The threat model is simple: you trust your local network enough to develop on it, and you need the browser to trust your certificate. That's it. Do not use these certificates in production.

How it works

Authoritative DNS

lancert runs its own DNS server for the lancert.dev zone.

IP in the name

Subdomains like 192-168-1-50.lancert.dev resolve to 192.168.1.50 by parsing the IP from the hostname.

DNS-01 challenge

POST triggers certificate issuance via Let's Encrypt DNS-01 challenge, fully automated and non-blocking.

Wildcard cert

Each IP gets a wildcard cert covering *.192-168-1-50.lancert.dev, cached and renewed automatically on next request before expiry.

Example: Caddy

Download the PEM files and use them with Caddy to serve HTTPS on your LAN.

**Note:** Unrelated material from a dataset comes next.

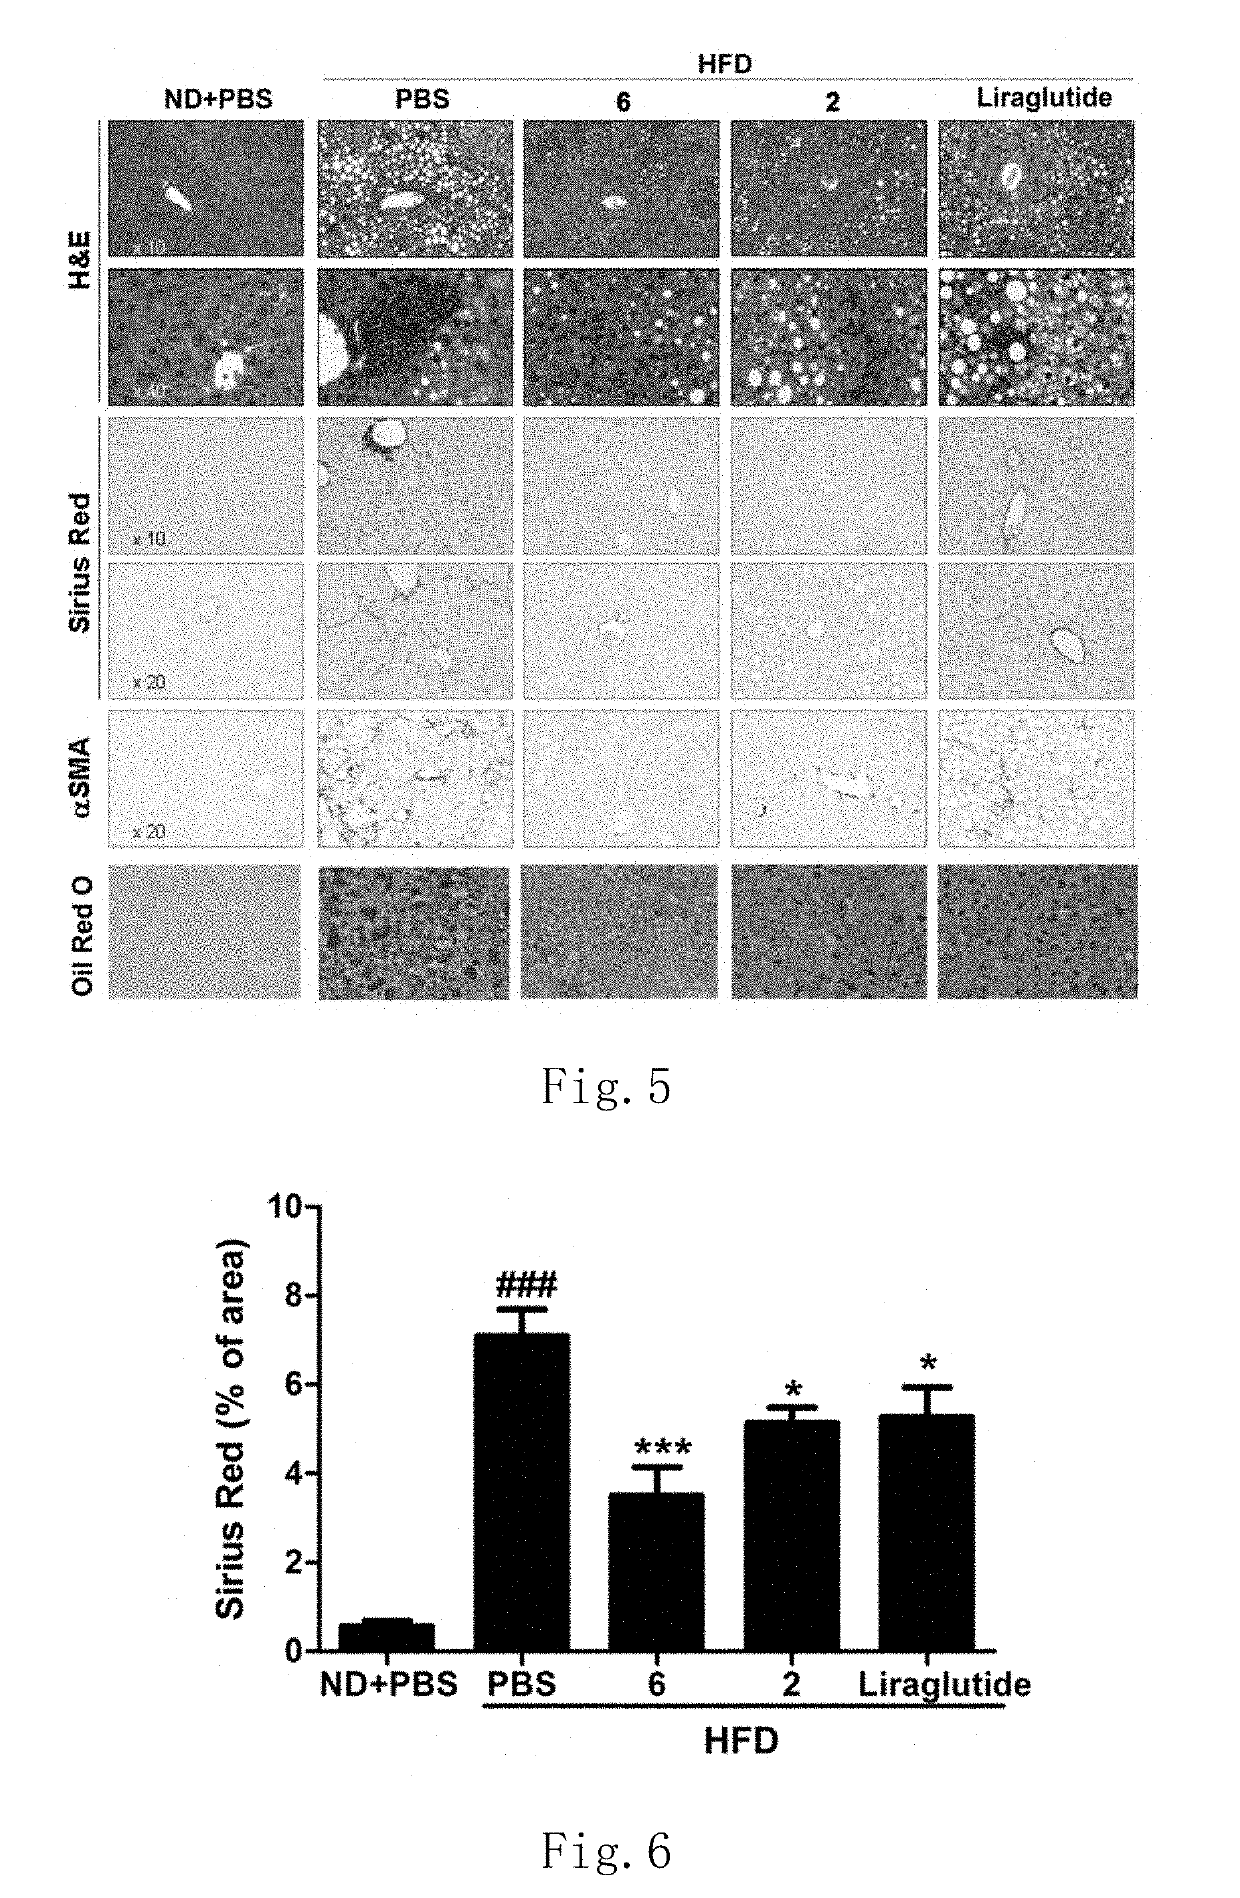 Glp-1r/gcgr dual target agonist polypeptide for treatment of fatty liver diseases, hyperlipemia and arteriosclerosis

1. Download the certificate files

$ curl -o fullchain.pem https://lancert.dev/certs/192.168.1.50/fullchain.pem $ curl -o privkey.pem https://lancert.dev/certs/192.168.1.50/privkey.pem

2. Create a Caddyfile

# wildcard cert covers any subdomain 192-168-1-50.lancert.dev, hi.192-168-1-50.lancert.dev { tls fullchain.pem privkey.pem respond "Hello from lancert!" }

3. Run and test

$ caddy run
# from another terminal or any device on your network $ curl https://192-168-1-50.lancert.dev Hello from lancert! $ curl https://hi.192-168-1-50.lancert.dev Hello from lancert!

FAQ

Which IPs are pre-issued?

Let's Encrypt enforces rate limits on certificate issuance. To stay within those limits, lancert pre-issues certificates for 24 common LAN addresses:

Gateways & vendor defaults
192.168.0.1 192.168.1.1 10.0.0.1 10.0.1.1 172.17.0.1 192.168.0.254 192.168.1.254 192.168.50.1 192.168.88.1

Common static/dev hosts
192.168.0.2 192.168.0.9 192.168.0.10 192.168.0.20 192.168.0.50 192.168.0.100 192.168.1.2 192.168.1.10 192.168.1.20 192.168.1.50 192.168.1.100 10.0.0.10 10.0.0.50 10.0.0.100 10.0.1.10

How long do certificates last?

90 days, as issued by Let's Encrypt. Pre-issued certificates are renewed automatically. On-demand certificates are cached and renewed on next request before expiry, as long as the service is running.

Can I request a new IP to be pre-issued?

Yes — open an issue on the GitHub repository with the IP and use case.

Which IP ranges are supported?

Any private IP in the RFC 1918 ranges: 10.0.0.0/8, 172.16.0.0/12, and 192.168.0.0/16.

Is this safe to use?

lancert is designed for local development only. The private keys are served via API to anyone who requests them — there is no ownership model for private IPs. The browser will show a valid HTTPS connection, but this does not mean the traffic is protected from other devices on the same network. See the Security section for details. Do not use these certificates in production.